And as an alternative, would you suggest laboriously using low level counters to verify that every measurement you think is correct is indeed correct? Given finite resources, what's a better approach than concentrating on the apparent anomalous measurements? I'm not sure I see the parallel.

tezka 12 years ago | |

it was funny you felt the need to post your wisdom both here and under the actual post.

nly 12 years ago |

When you think you can use CRTP instead of virtual dispatch in your program, you didn't need virtual dispatch to begin with... you needed a generic algorithm to operate over your object classes. That's exactly what run_crtp() is, the CRTPInterface class is completely redundant except that it provides some degree of compile-time concept checking (which we'll hopefully get in C++17)

Virtual dispatch is useful for type erasure, when using abstract types from plugins, DLLs or generally "somebody elses code". IMHO, the valid use cases within a standalone program are actually fairly small.

jamesaguilar 12 years ago | |

Unit testing is my #1 use for virtual functions. "somebody else's code" a.k.a. standard ML modules is a distant second.

berkut 12 years ago |

I've done benchmarks on this fairly recently, and with the functions actually doing a lot of work (ray intersection for a raytracer), I saw practically no difference between CRTP and Virtual Functions:

http://imagine-rt.blogspot.co.uk/2013/08/c-virtual-function-...

And this was with billions of calls to the functions...

blt 12 years ago | |

Yes, the penalty is most glaring for calls that do a tiny amount of work. Imagine if

  String.charAt(int index)

was a virtual call inside of strlen().

gjm11 12 years ago |

So he found that dynamic dispatch was a lot more expensive. Fair enough and not very surprising. But let's quantify it a bit in absolute terms. The dynamic version of the code took 1.25s to run, during which time it performed approximately 8 x 10^8 virtual function calls. That translates to a cost per call of 1.5 nanoseconds.

From which my takeaway would be: In inner-loopy code for which an extra nanosecond or so per call is critical, you should avoid virtual function calls. For anything else, don't worry about it.

MichaelGG 12 years ago | |

1.5 nanoseconds per call in the best case. In some huge monstrosity where you've got to go chase down object headers not in the cache, things may be quite different.

tomp 12 years ago |

Instead of devirtualization, a simpler optimization, which would additionally also help in the dynamic case, is simple loop hoisting of the method pointer fetch. Instead of doing

    while(...) {
      (obj->vtable[0])(...)
    }

we could have

    void(*fn)(...) = obj->vtable[0]
    while(...) {
      fn(...)
    }

which would avoid two redirections per inner loop! Actually, I'm almost sure that is what LuaJIT would do, and many other high-level programming languages could perform this optimization as well. However, maybe C is too low-level to be able to do that, and I don't know about C++.

eliben 12 years ago | |

That would save the indirection, but I hope the article shows that by far the biggest cost comes from the lack of inlining. The latter would not be solved by your function pointer.

jheriko 12 years ago | |

this is not about C... C++ certainly. C has no such thing as a virtual function or dynamic dispatch (unless you implement it yourself).

vinkelhake 12 years ago |

This is a nice article and props for including and dissecting generated assembler!
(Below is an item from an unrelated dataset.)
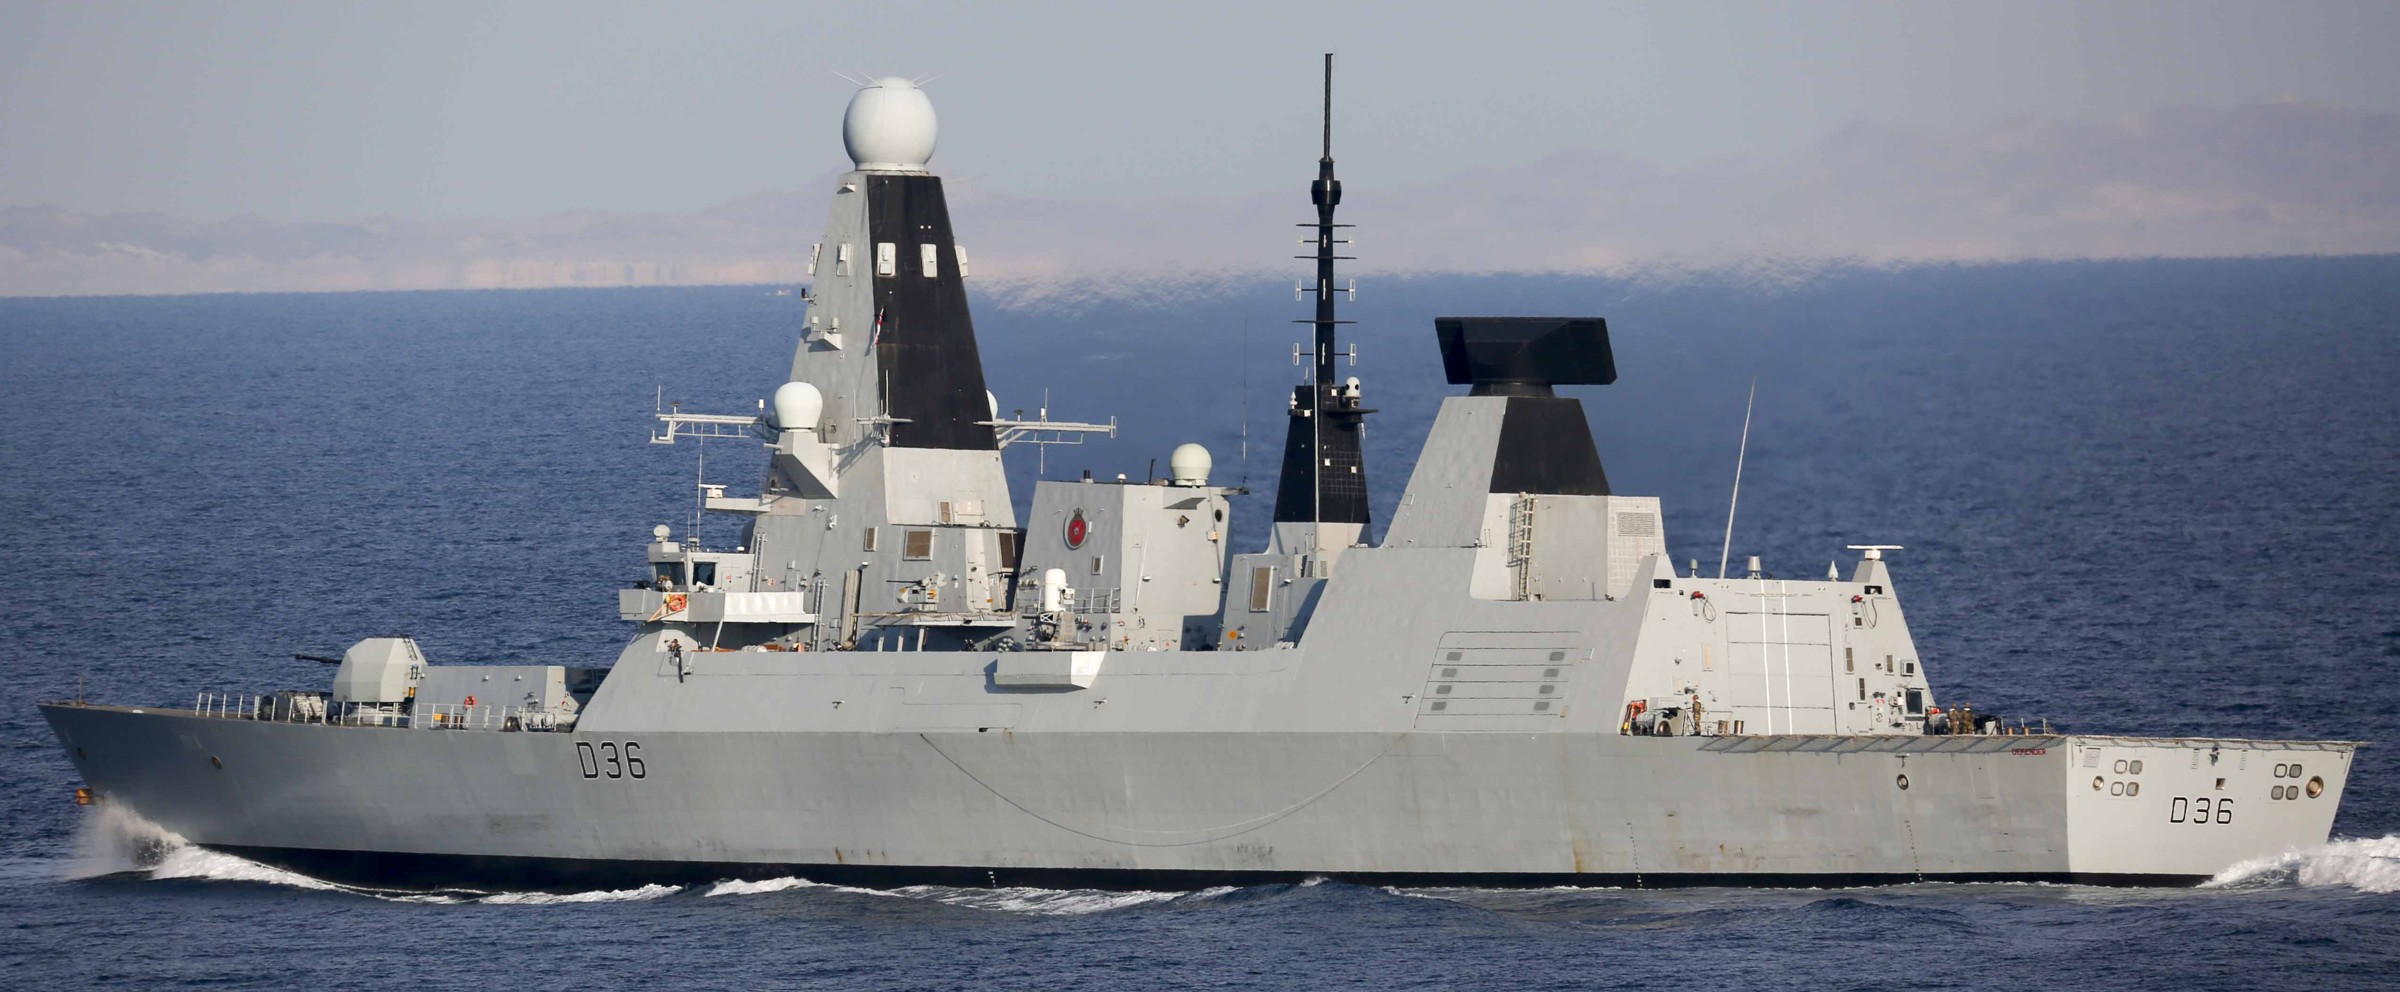 d36 hms defender d-36 type 45 daring class guided missile destroyer ddg royal navy sea viper 11

A key thing here is that inlining is what enables zero-cost abstractions in C++. A virtual call is slower than a regular call, but the main problem is that it builds a barrier that effectively stops inlining.

It'll be interesting to see how devirtualization in GCC will do for real world programs.

namuol 12 years ago |

Observation: the intricacies of our technologies are growing to such complexity that analysis of the things we once had a direct hand in the design of plays out much like the analysis of some sort of mysterious natural phenomenon.

jheriko 12 years ago |

its interesting to see a break down of this - especially using modern compilers on the intel platform.

did you try the intel compiler? for raw low level optimisation it sometimes massively out performs the ms, gcc or clang versions...

i'd imagine these problems are worse on ARM chips, and dynamic dispatch is even less effective there - certainly on PPC architectures I've seen much worse performance than on similarly powered Intels in precisely this situation. the caches are less and slower...

i'm not 100% but i think i've seen virtual calls 'devirtualised' by the MS compiler a couple of years ago... I might be thinking of something else though, it was a while back now. I was unpicking some CRTP mess in something that /was not performance critical in anyway/...

pmjordan 12 years ago | |

You may be thinking of this: IIRC the standard recommends that compilers omit dynamic dispatch when the dynamic type is known at compile time - this essentially boils down to the case where a virtual method call follows creation of the object with 'new' or as an automatic variable. In my experience, this is commonly implemented correctly in compilers.

The other case where the dynamic type is known is in the constructor itself of course.

eliasmacpherson 12 years ago | |

thanks again for your comment the other day about memcpy(), I am after finding a deep and rich seam of optimisation out of it!

cma 12 years ago |

I'd like to see a comparison of calling a dynamically linked function call vs a non-dynamically linked virtual call.

Dynamic linking has more indirection than you might expect because the function addresses can't always just be put at the call site during the library load (the places where you would want to write the address can be in code that is read-only mmapped to aid in sharing memory between processes and to avoid loading unused stuff from disk).

zwieback 12 years ago | |

In an ideal world the OS could still replace the call sites with straight calls to the loaded library, circumventing a jump table altogether. I don't remember what this is called, maybe something like a thunk, but I've seen it happen in the debugger where the first call causes a fault which rewrites the call site with the target address and subsequent calls are straight to the lib. This can work even if the chunk of code containing the call sites is shared and readonly, as long as the OS can override that.

pmjordan 12 years ago | |

The calls into jump tables are generally static, so the jump table itself can be prefetched. The jump table code is then a regular function pointer call, which is also monomorphic and so can be reliably predicted. I'd expect the impact to be small compared to a regular monomorphic function pointer call.

vicaya 12 years ago |

This _could_ be another case of premature optimization, as gcc 4.9+ could automagically devirtualize non-overridden virtual functions. icc could do that for years.

nkurz 12 years ago | |

That's not the way the phrase 'premature optimization' is usually used. Usually, it means spending time optimizing something that is not a limiting factor, or that otherwise will not make a difference in the final result. Keeping your code simple in the hope that eventually it will become fast is something else, probably falling closer to 'Sufficiently Smart Compiler' http://c2.com/cgi/wiki?SufficientlySmartCompiler.

pmjordan 12 years ago | |

Presumably this needs to be done at link-time? (And you'd have to disable it if you're planning to load code dynamically)

simfoo 12 years ago |

I really like the "Mandatory precaution about benchmarks", it's spot on

rottyguy 12 years ago |

anything similar for higher level languages (c# or the likes)?